Thinking or hearing of chemical peel treatment may immediately bring to your mind photos of celebrities in a tabloid magazine you might have seen with red, flaky and burned looking faces. But in actual, this is not the case. Most of those images are a result of using outdated chemical peel formulas that leave unpleasant side effects.
Today’s chemical peel facial treatment is a game changer in non-surgical skin rejuvenation. They offer multiple benefits to improve skin tone, smooth texture, soften lines and wrinkles, brighten skin, and enhance skin tightness and firmness and much more without causing any unpleasant and damaging side effects.
Modern chemical peels are a perfect blend of art and science. A customised chemical peel cocktail solution is prepared by your doctor that is according to your skin type, issue and concern. You can ask about the acid used in chemical peel from your doctor but the more important thing is to know the strength and concentration of acid in the peel because this has an effect on your daily routine life and your skin after having the peel. For instance, if you intend to have a chemical peel facial treatment on Tuesday and you have to attend some big event On Thursday then you should avoid getting a stronger chemical peel unless you want to appear shedding off your old skin.
Depending on the strength, chemical skin peels are generally classified into following three main categories:
1. Superficial skin peels: This type of skin peels are also known by the name of ‘lunchtime skin peels’. These peels work by removing the upper layer (epidermis) of the skin. The most commonly used chemical agents include alpha-hydroxy acid (lactic, glycolic, citric, malic and tartaric acid) and beta hydroxy acid (salicylic acid) which penetrates a bit deeper into the skin and is well suited for acne and acne prone skin. At a time, low concentrations of TCA (trichloroacetic acid) and retinoic acid may also be mixed for improving results.

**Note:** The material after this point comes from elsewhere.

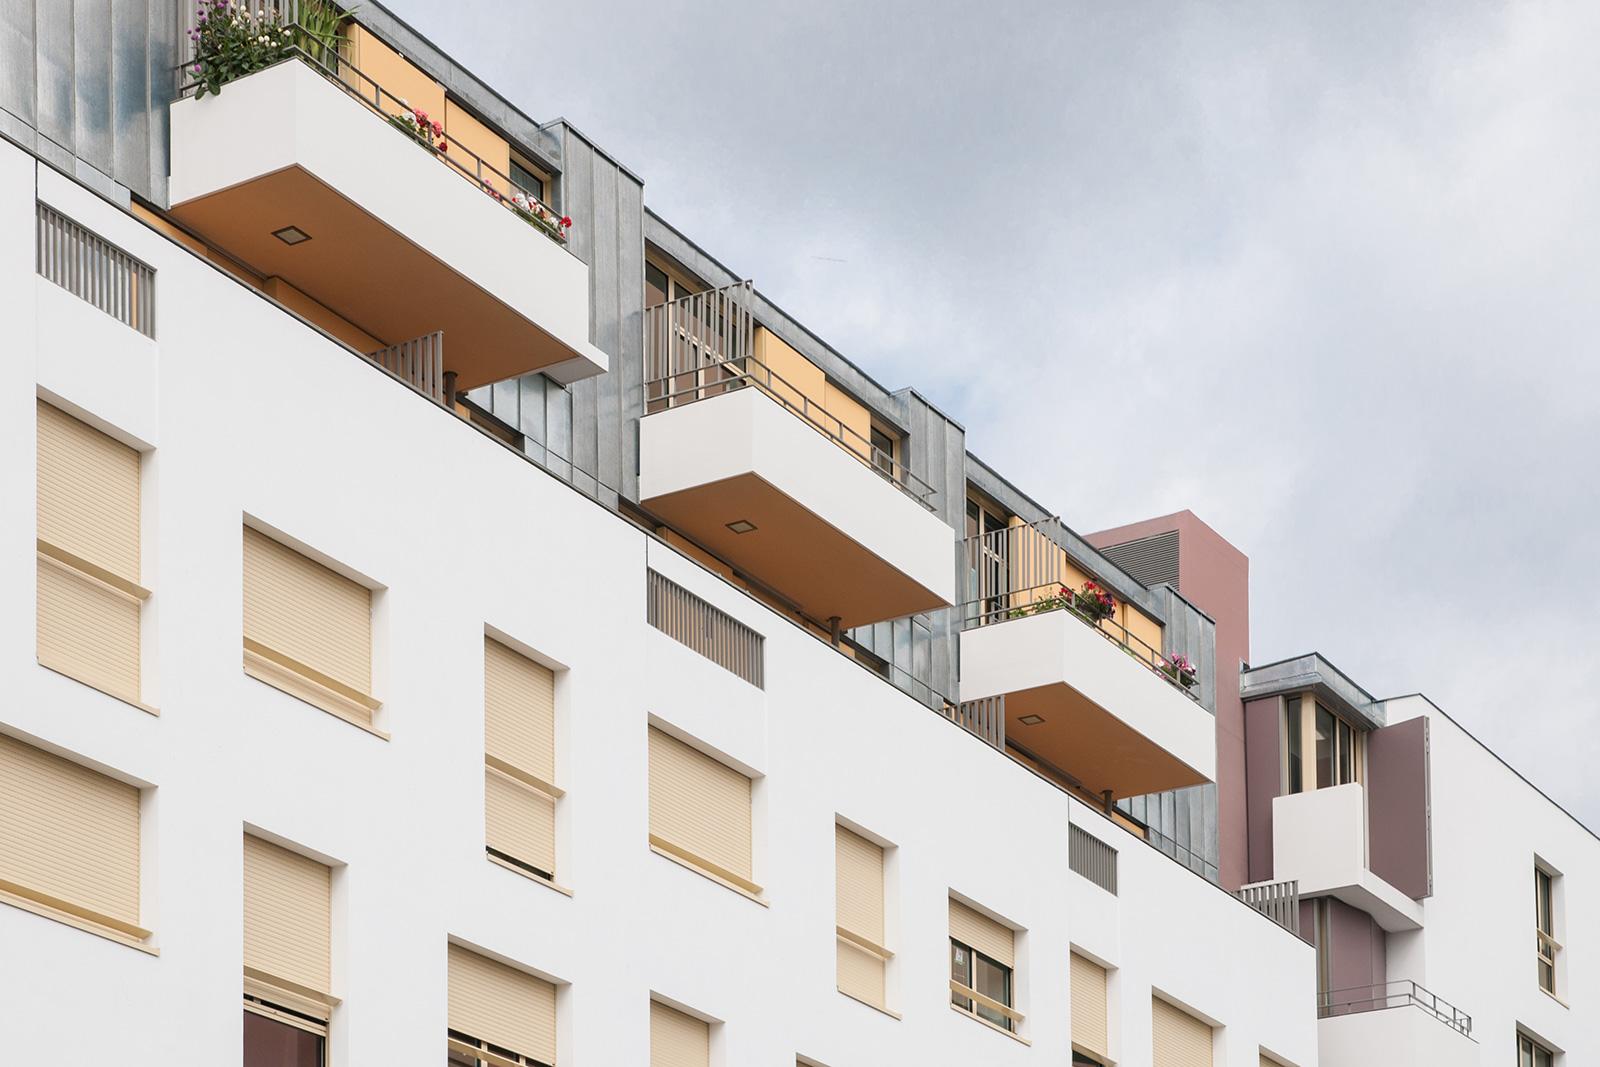 germe-et-jam-RJC-rennes-immeuble-cartier-facade-rue-alma-02
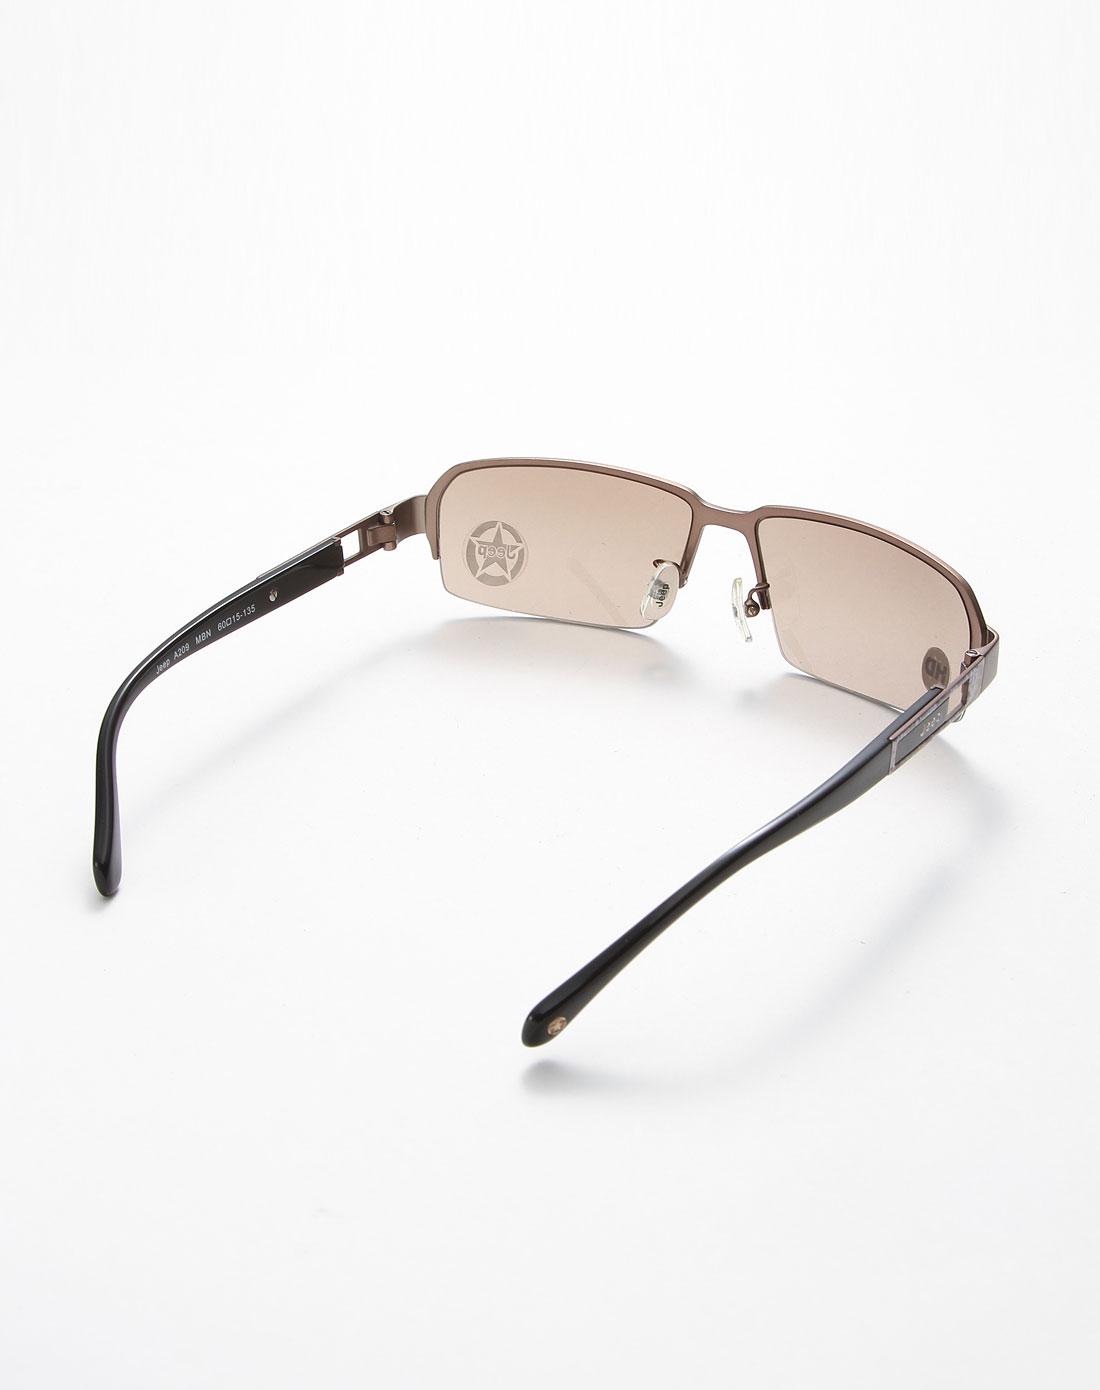 jeep太阳眼镜专场男款成熟大气金属半框太阳眼镜黑

The superficial chemical peel facial treatment offers instant results in the form of bright, rejuvenated skin tone and texture with little to no downtime and mild skin dryness and flaking. These are suitable for treating dry and dull skin, soft lines and wrinkles, mild hyperpigmentation, acne and acne scars and are a safe choice for most of the skin types. These are usually administered in a series and do not produce a longer lasting effect.
2. Medium skin peels: These peels penetrate deeper reaching to the border of skin’s dermis as compared to light or superficial skin peels. They work by removing the few top layers of skin where most of the pigmentation, blemishes, sun spots and other imperfections reside. These peels create a wound similar to sunburn which stimulates the natural wound healing process of skin; therefore, they require some downtime. But their benefits are worth the pain. As it penetrates deeper to reach dermis, medium depth peel is effective in treating sun damage and all which superficial skin peel treats. The additional benefit is that these peels also stimulate the production of collagen and produce a skin tightening effect.
The most common medium chemical peel facial treatment is TCA peel used in a concentration of 25%-35% and at times in combination with glycolic acid and other skin rejuvenating ingredients. It produces more dramatic results with some downtime and may require 2-3 treatments for best results.
3. Deep skin peels: Also known as phenol peels are suitable for treating severe sun damaged skin and deep lines and wrinkles. These are the least used type of peels because they require anaesthetic, have a risk of post peel hypopigmentation and requires at least 2 weeks of downtime. This chemical peel facial treatment has largely been replaced by lasers nowadays.